**What is being asked:** Please retype the data in full and exactly; the pictures are not part of the copy.

**Recorded information:**
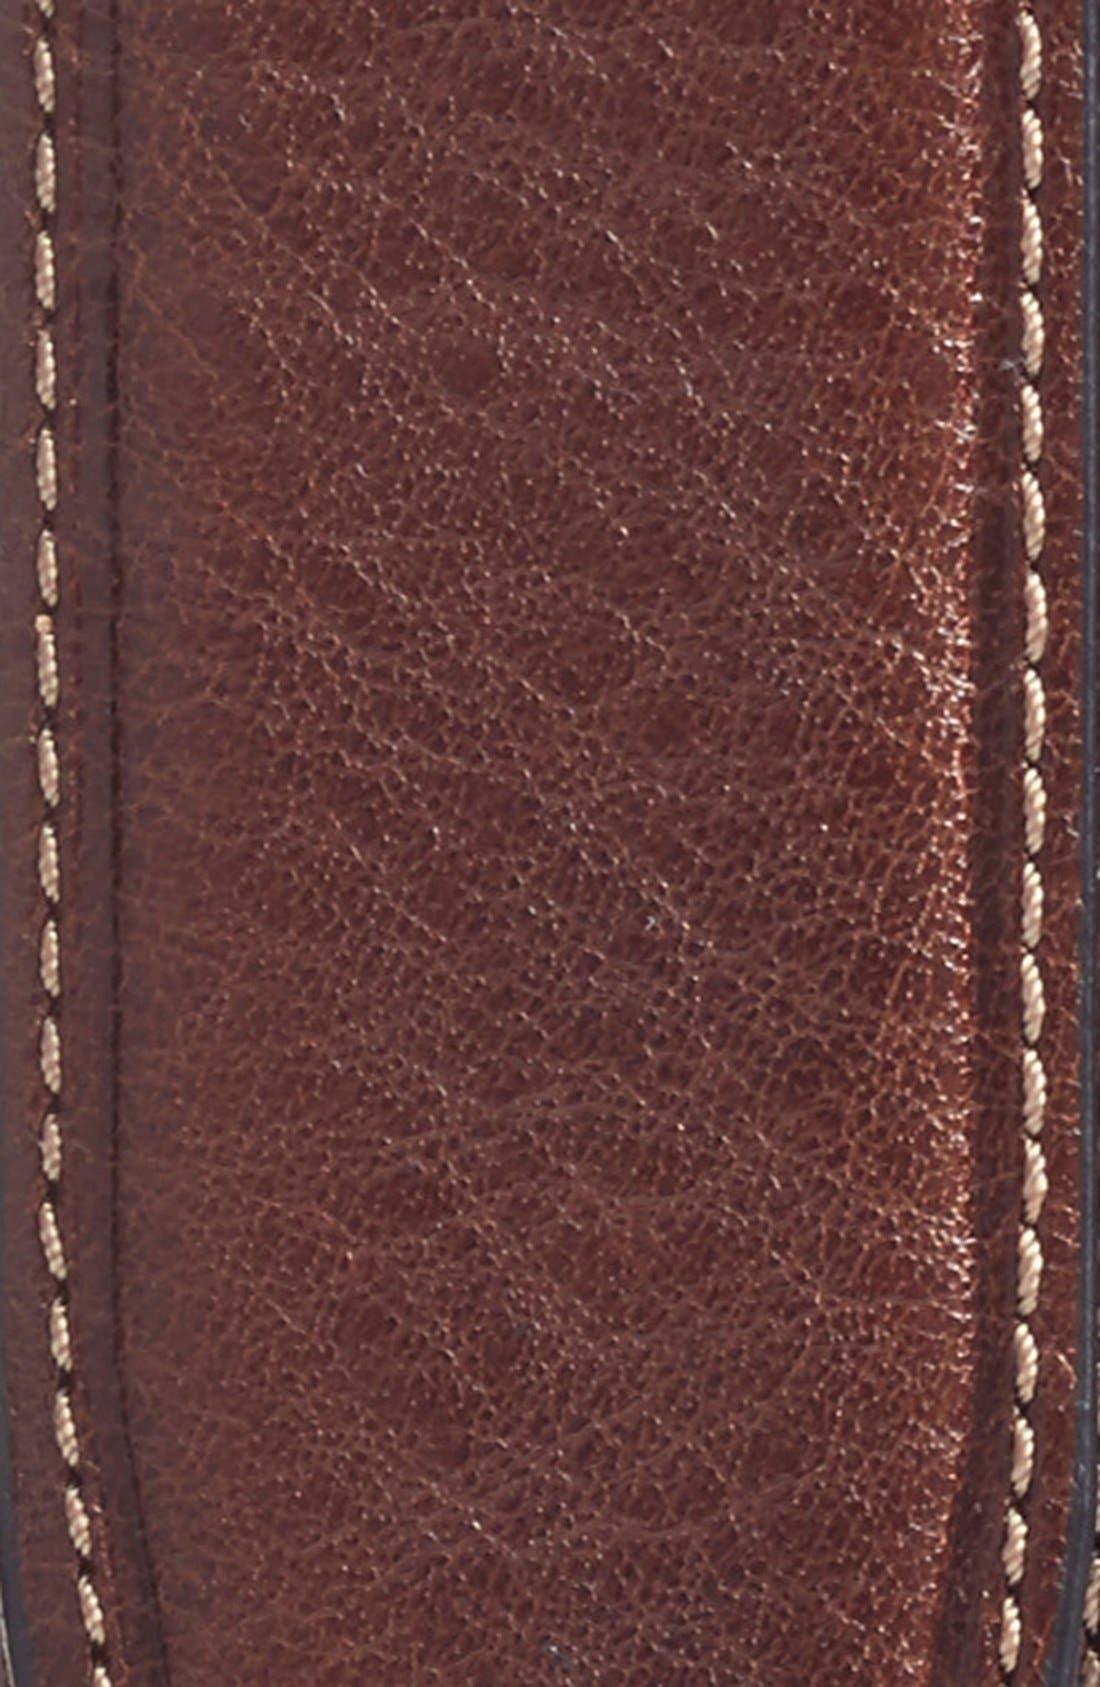 Reversible Leather Belt,                             Alternate thumbnail 2, color,
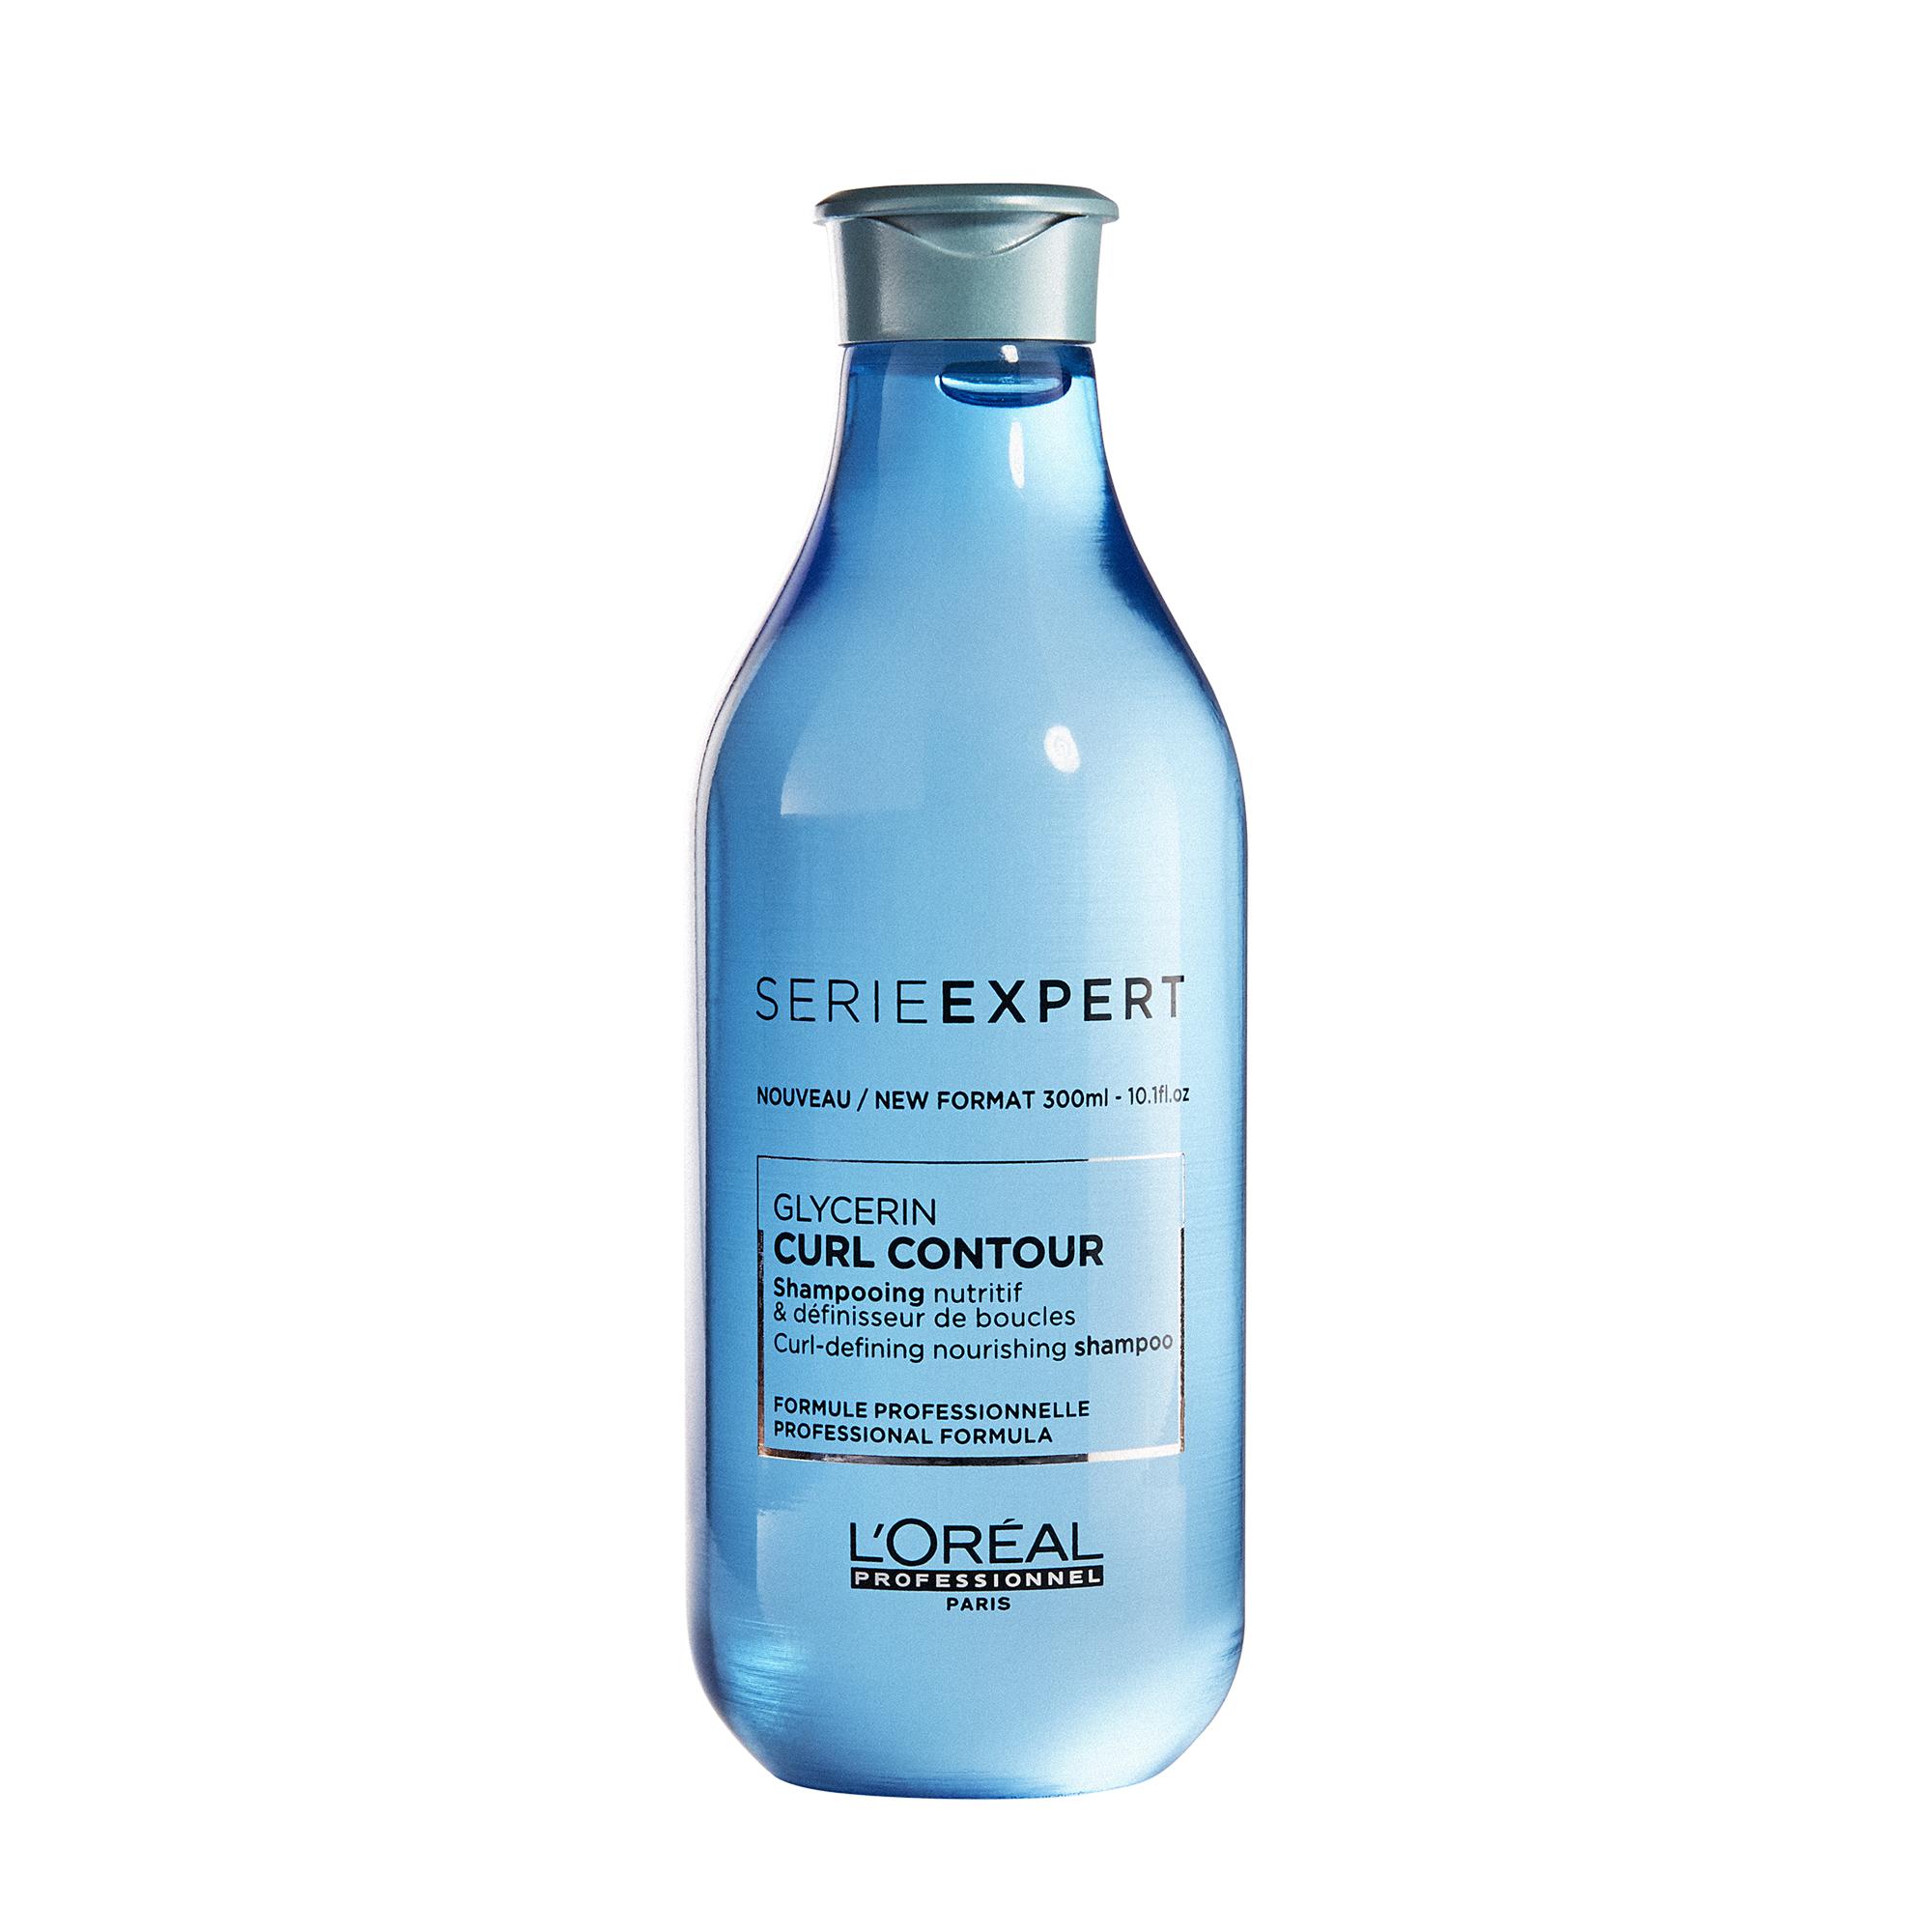 Série Expert Glycerin Curl Contour Shampoo 300ml
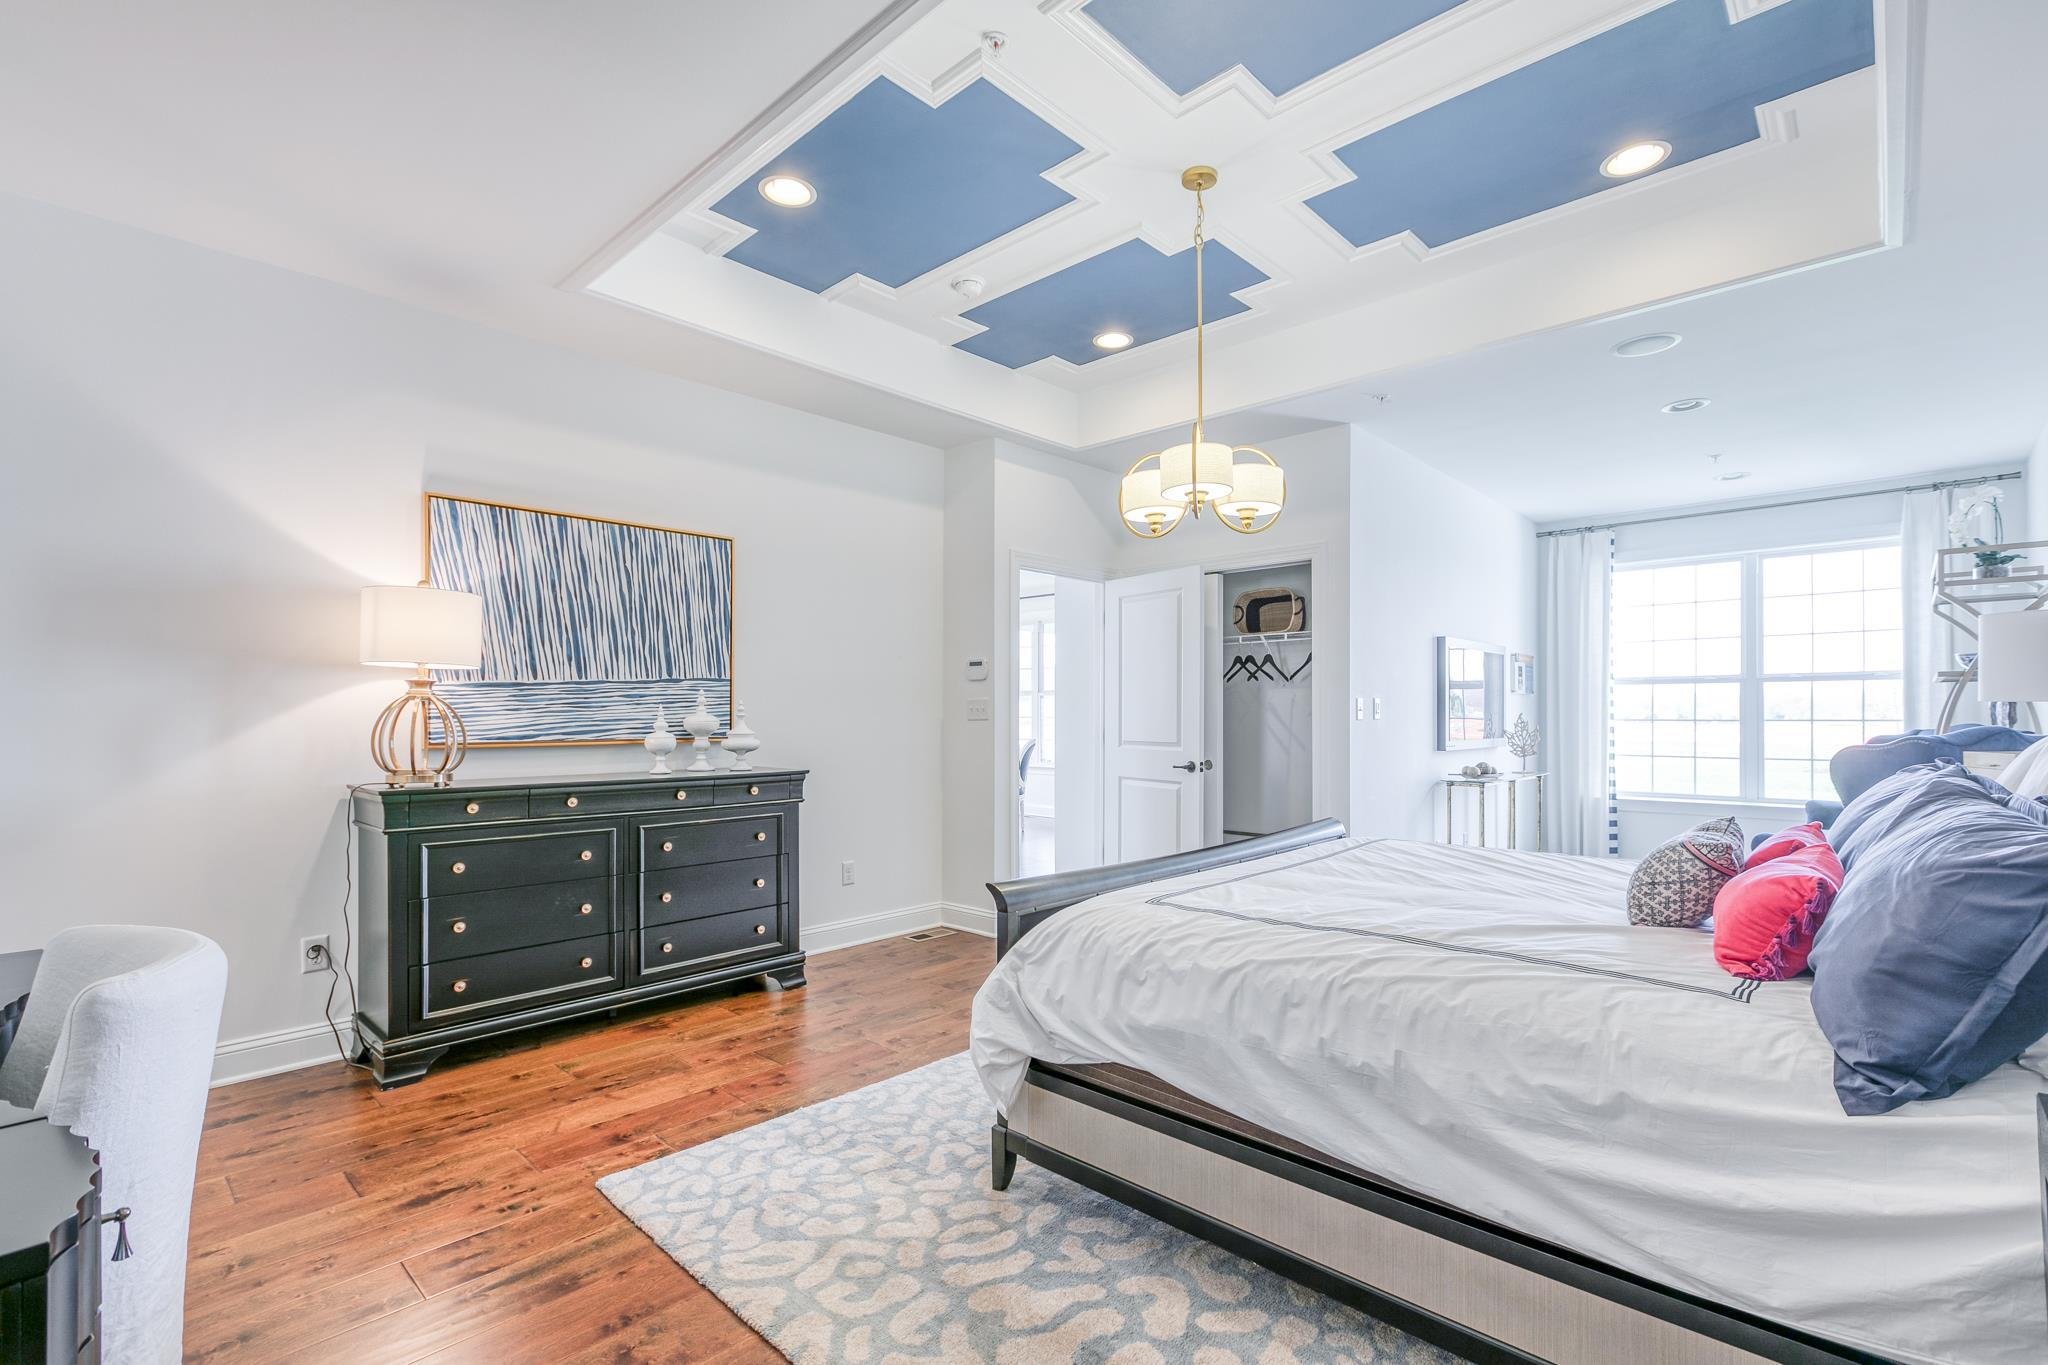 Bedroom featured in The Laurel By McKee Builders in Eastern Shore, MD

**Result for this exercise:**
 Reversible Leather Belt,                             Alternate thumbnail 2, color,
 Série Expert Glycerin Curl Contour Shampoo 300ml
 Bedroom featured in The Laurel By McKee Builders in Eastern Shore, MD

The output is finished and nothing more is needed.